К своему удивлению, Йанира обнаружила, что ей нравятся не только обычные заботы по дому, которых от нее раньше не требовалось, но и тот статус, который она здесь обрела. Всеобщее поклонение перед ее способностями и личностью приятно льстило ей. Это было даже странно – ее общества искали не только выходцы из Нижнего Времени, но и туристы, студенты из Верхнего Времени, даже профессора истории, В этой странной стране Йанира обнаружила в себе способности к самым разным полезным занятиям: к изготовлению платьев, украшений и орнаментов, целебных травяных смесей. И после того как несколько этих ее изделий было продано, спрос на них оказался столь велик, что ей пришлось обратиться к Конни Логан с просьбой научить ее обращаться с этими ее новыми швейными машинками, чтобы шить платья быстрее.

Впрочем, Конни только ухмыльнулась:

– Ради Бога.
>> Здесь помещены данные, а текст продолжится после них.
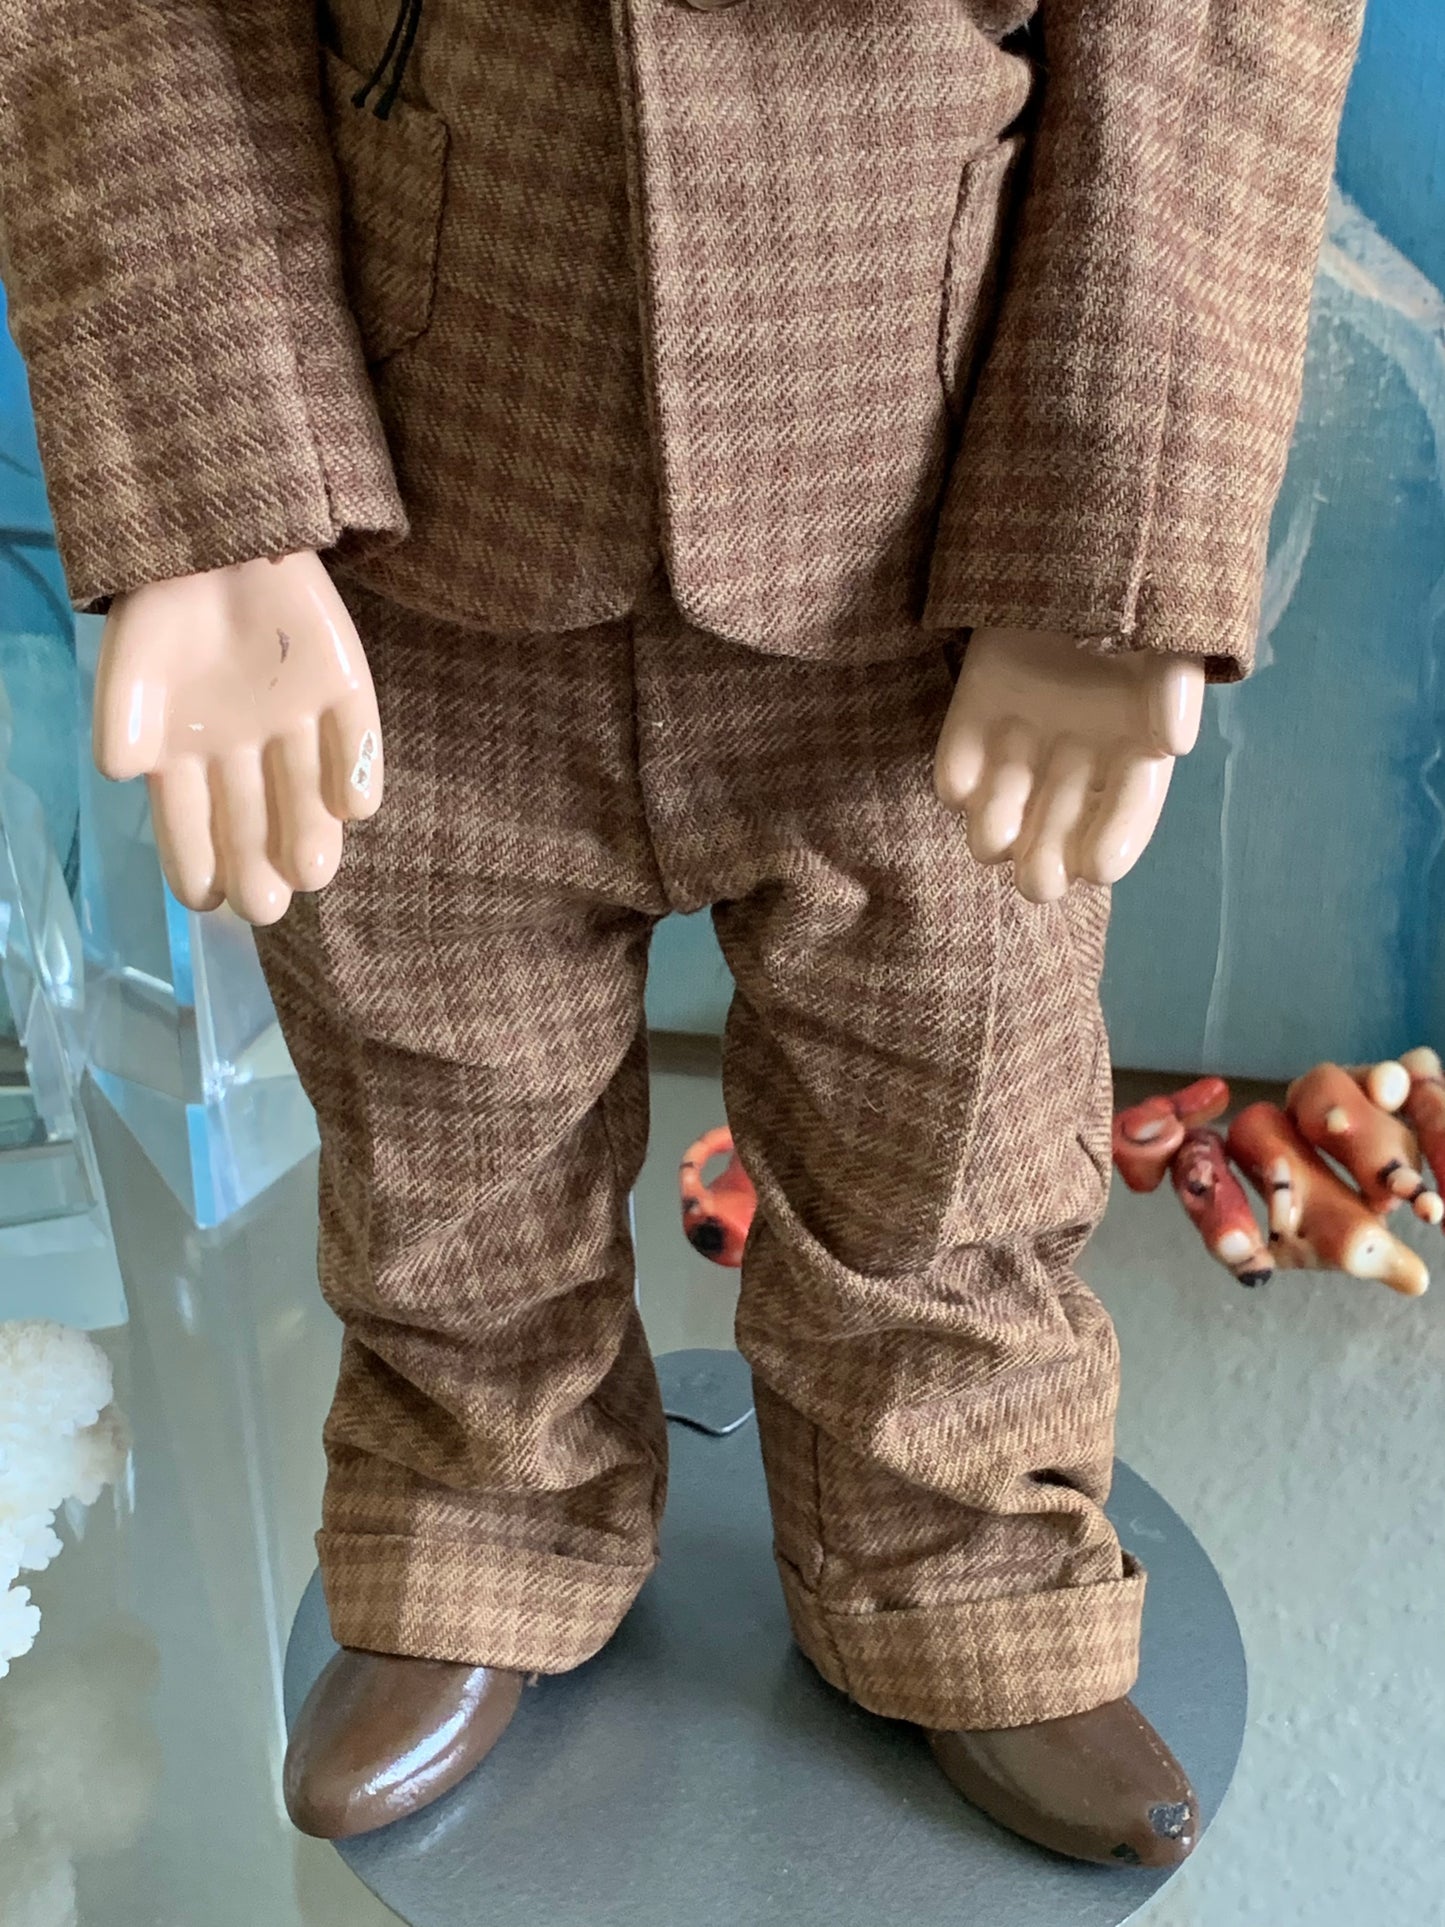 Vintage Edgar Bergen Charlie McCarthy doll

Позволь мне ввести в мой компьютер твои вышивки и крой платьев, а я возьму тебя в долю!

Деловой хватке Конни можно было только позавидовать. Впрочем, и Йанира тоже была не промах.

– Вышивки? Ни за что. А вот выкройки – совсем другое дело.

Конни покачала головой и скорбно вздохнула:

– Ты меня без ножа режешь, Йанира, но очень уж ты мне нравишься. И если этот ионический хитон, который сейчас на тебе, ты шила сама... ты в проигрыше не останешься.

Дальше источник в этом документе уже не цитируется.